The Substance is a grim fairy tale, a horrific bedtime story with one goal in mind: to show men what it’s like to be a woman and live in fear of the day when they become undesirable. For Elizabeth Sparkle (Demi Moore), she’s confident that she hasn’t reached her “best by” date yet and tapes her daily aerobics show as normal. Unfortunately, her incredibly chauvinistic television executive Harvey (Dennis Quaid) decides that Elizabeth is too old and angrily tells a colleague that it’s time to replace her with someone younger. Elizabeth accidentally overhears Harvey’s side of the conversation, and knows that they won’t be discussing new opportunities during their lunchtime meeting. Sure enough, Harvey glibly fires Elizabeth while she sits transfixed by the sight of him devouring a bowl of shrimp. When it comes to men like Harvey, women are the same as food: something to be consumed and tossed away.
Crushed that she’s been shoved out the door, Elizabeth gets into an accident while driving home.

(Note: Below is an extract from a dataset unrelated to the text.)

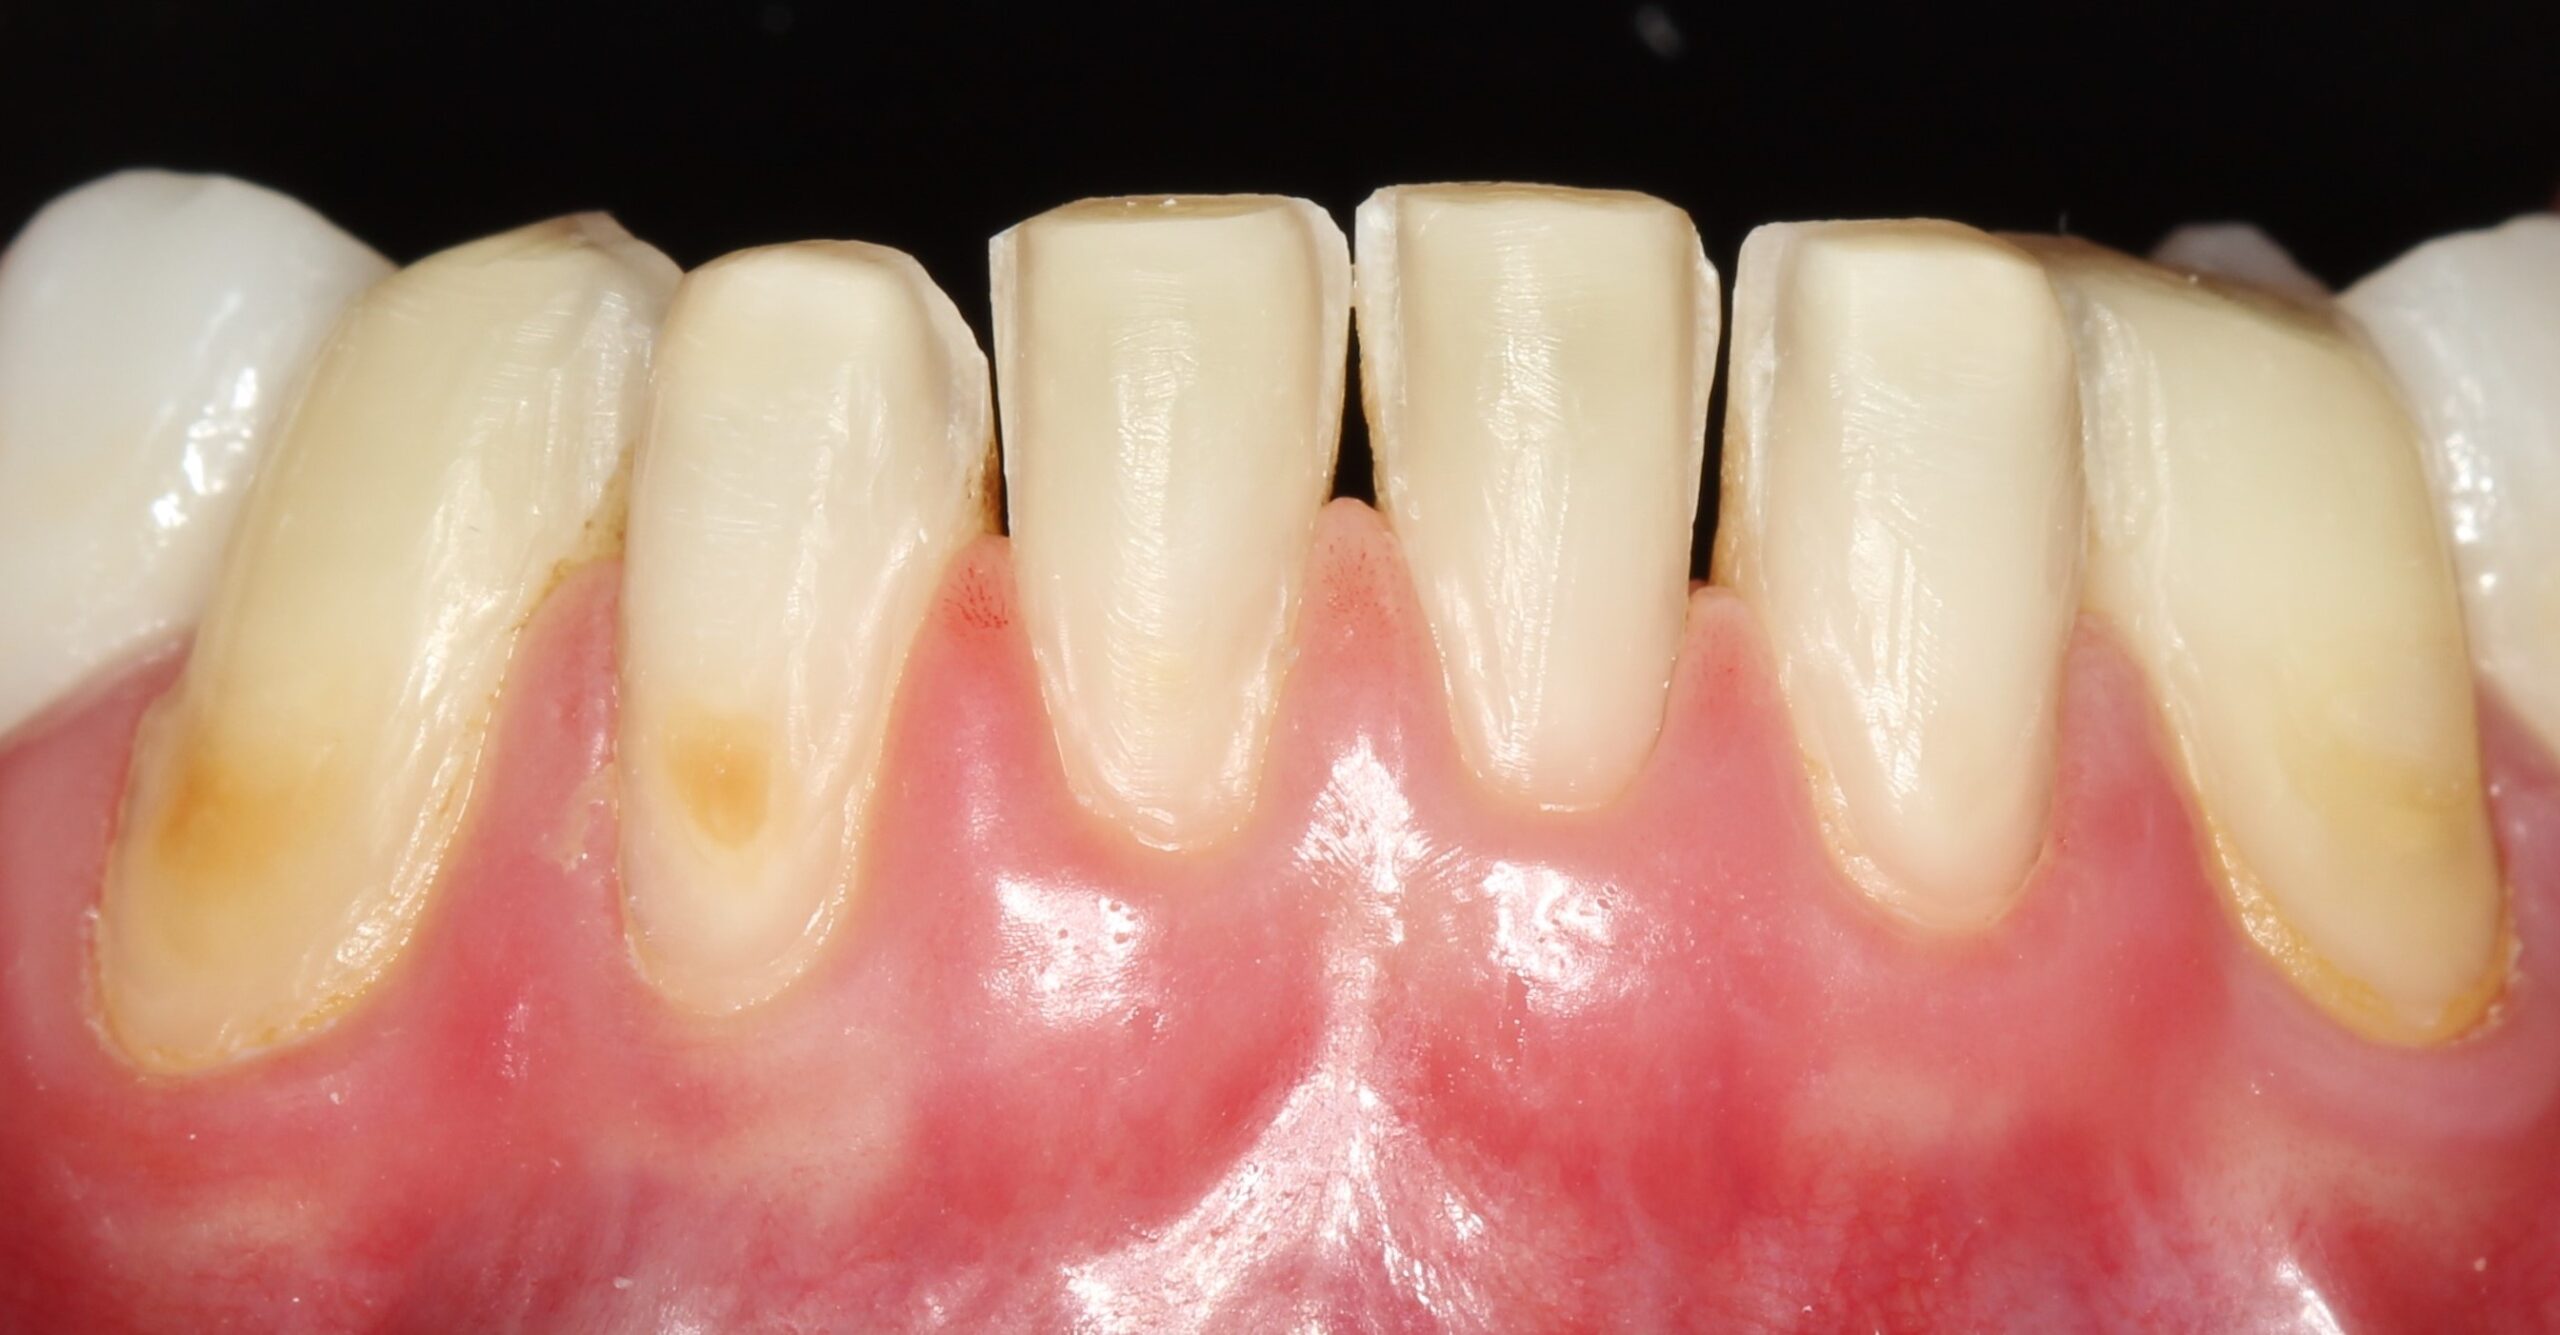 https://mexicoimplantdentistry.com/wp-content/uploads/2022/07/15-scaled.jpg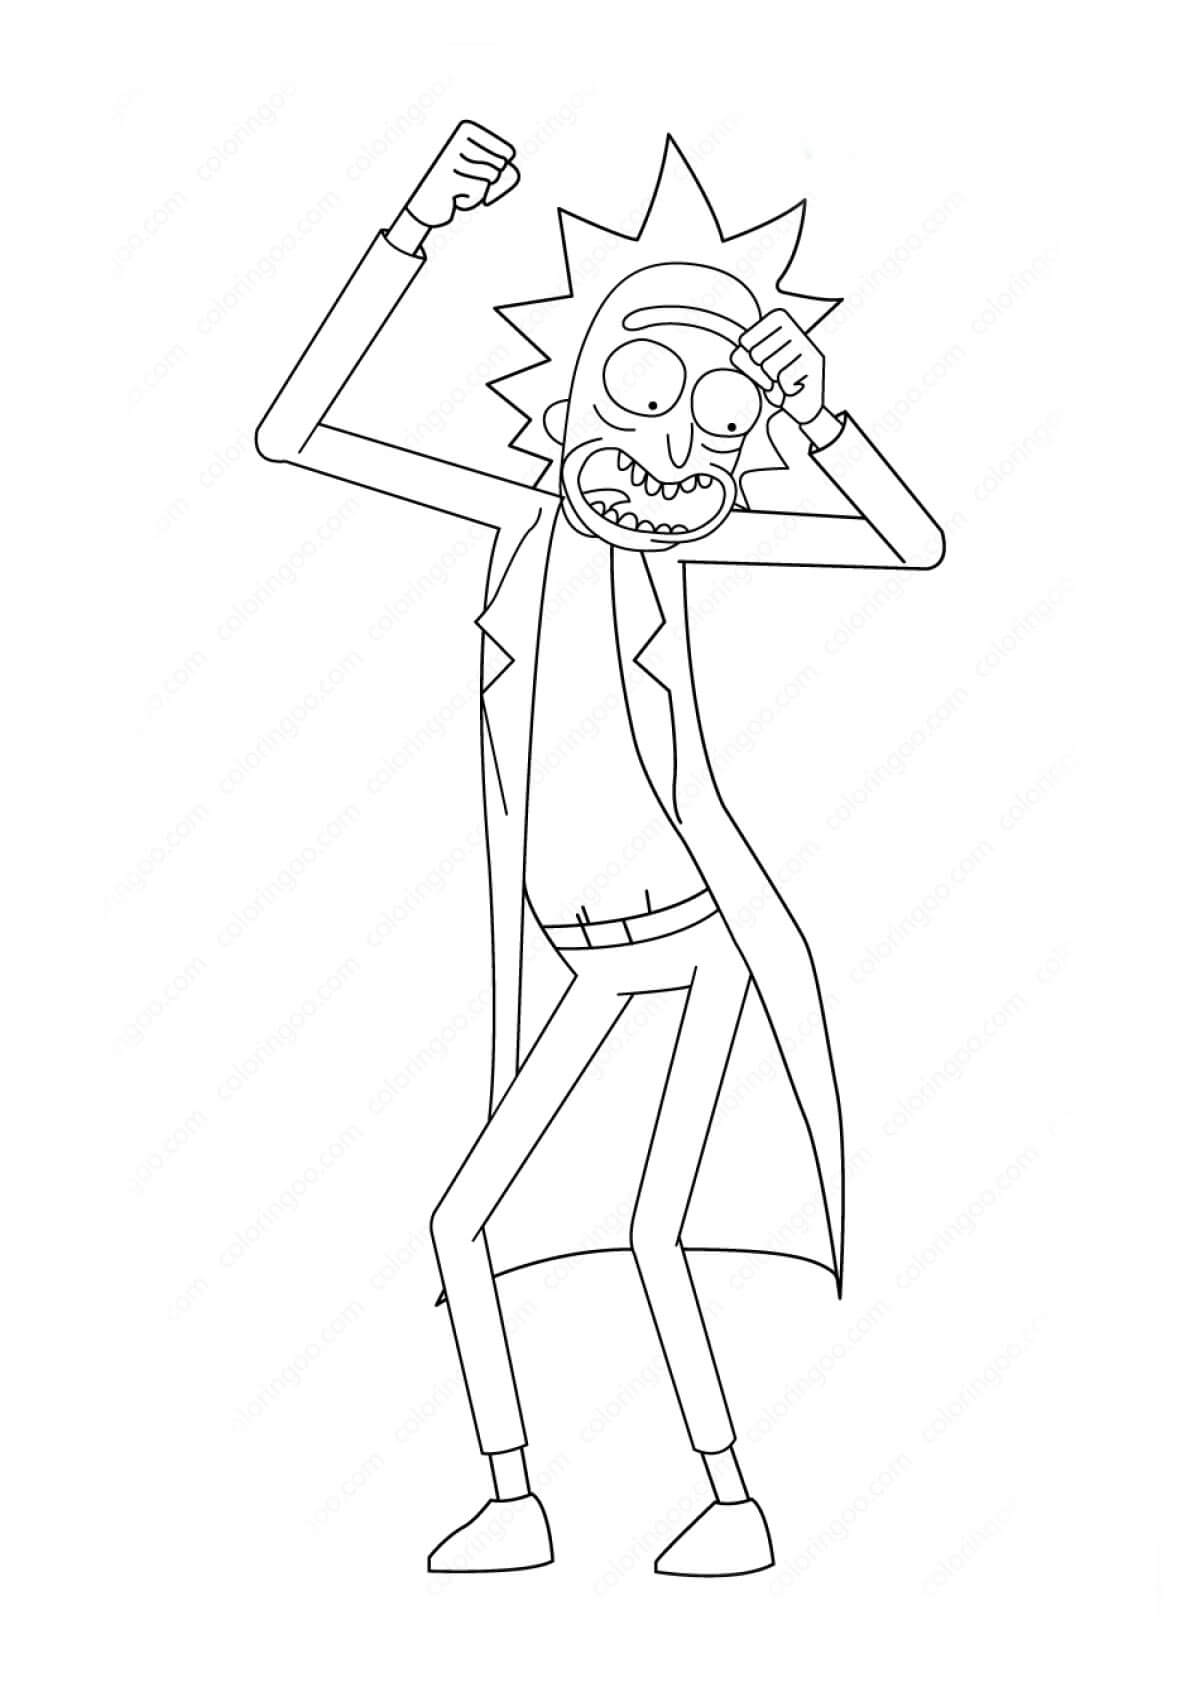 Rick And Morty Coloring Page - Free Printable Templates

At the hospital, a handsome orderly tells her that she would be a good candidate. When she arrives home, Elizabeth finds a USB stick in her coat pocket with “The Substance” emblazoned on the casing. She plugs it into her television and it plays an advertisement for a treatment plan that promises to deliver a younger, better version of you. (The movie never mentions what it costs, by the way. This movie is about broad strokes and will infuriate nit-pickers to no end.) Elizabeth tosses the stick in the garbage, only to retrieve it later when she sees an advertisement in the newspaper (!) announcing auditions for the “new Elizabeth Sparkle”. Furious, Elizabeth calls the number for The Substance. A voice that sounds artificial answers, gives her an address and promptly disconnects.
The address leads to a filthy back alley, with an electric doorway that only partially opens. Seeing Elizabeth crouch down to enter the shadiest treatment center ever imagined reminded me of news reports of women who choose to be injected with Botox or Collagen by “doctors” on the cheap, only to find out later that their bodies were filled with toxic gunk. Elizabeth retrieves her package and returns home. The package contains a vial of green labeled “Activator”, pouches of “food”, needles and plastic receptacles marked one through seven. A handy instruction guide outlines the rules. Only activate once. Remember that you are the matrix. Respect the balance and transition every seven days.
Elizabeth proceeds to her bathroom and stares at herself in the mirror. Men would condescendingly describe her as being “in great shape for her age”. She sadly surveys her body, noting what once was perfect is no longer so. Deciding that this is the only to regain her relevance in a male-dominated world, she injects herself with activator fluid. Elizabeth falls to the floor and the screen is filled with imagery that rivals 2001: A Space Odyssey. Then another person emerges from Elizabeth’s body. This alternate version of Elizabeth (Margaret Qualley) is younger and beautiful, and she marvels at her body’s bright eyes, full lips, toned limbs and curves that defy gravity. Elizabeth v2.0 hooks up her older self to a feeding tube and leaves for the audition.
Unlike before, everybody notices this version of Elizabeth. Men stare at her on the street, and the men taping the auditions are paralyzed by her beauty. Harvey greets her later and excitedly tells her that the job is hers. When asked what her name is, she replies, “Sue”. Sue accepts the offer under one condition: she has to leave every other week to take care of her old, sick mother.
Sue’s show, titled “Pump it up”, consists of stripper gyrations performed with revealing clothing. The director’s camera examines every aspect of Sue’s body, with extra emphasis given to her buttocks. (This movie fixates women’s posteriors throughout.) Sue is what every man–young and old–wants in a woman. She’s young, thin and exudes a playful carnality that men find irresistible. Sue hungrily accepts all of the gifts that men willingly offer, namely opportunities, attention and sex. Her experience is in stark contrast to Elizabeth, who had none of those things before taking The Substance. Sue is having a great time, but there’s the little problem of switching back to being Elizabeth after seven days.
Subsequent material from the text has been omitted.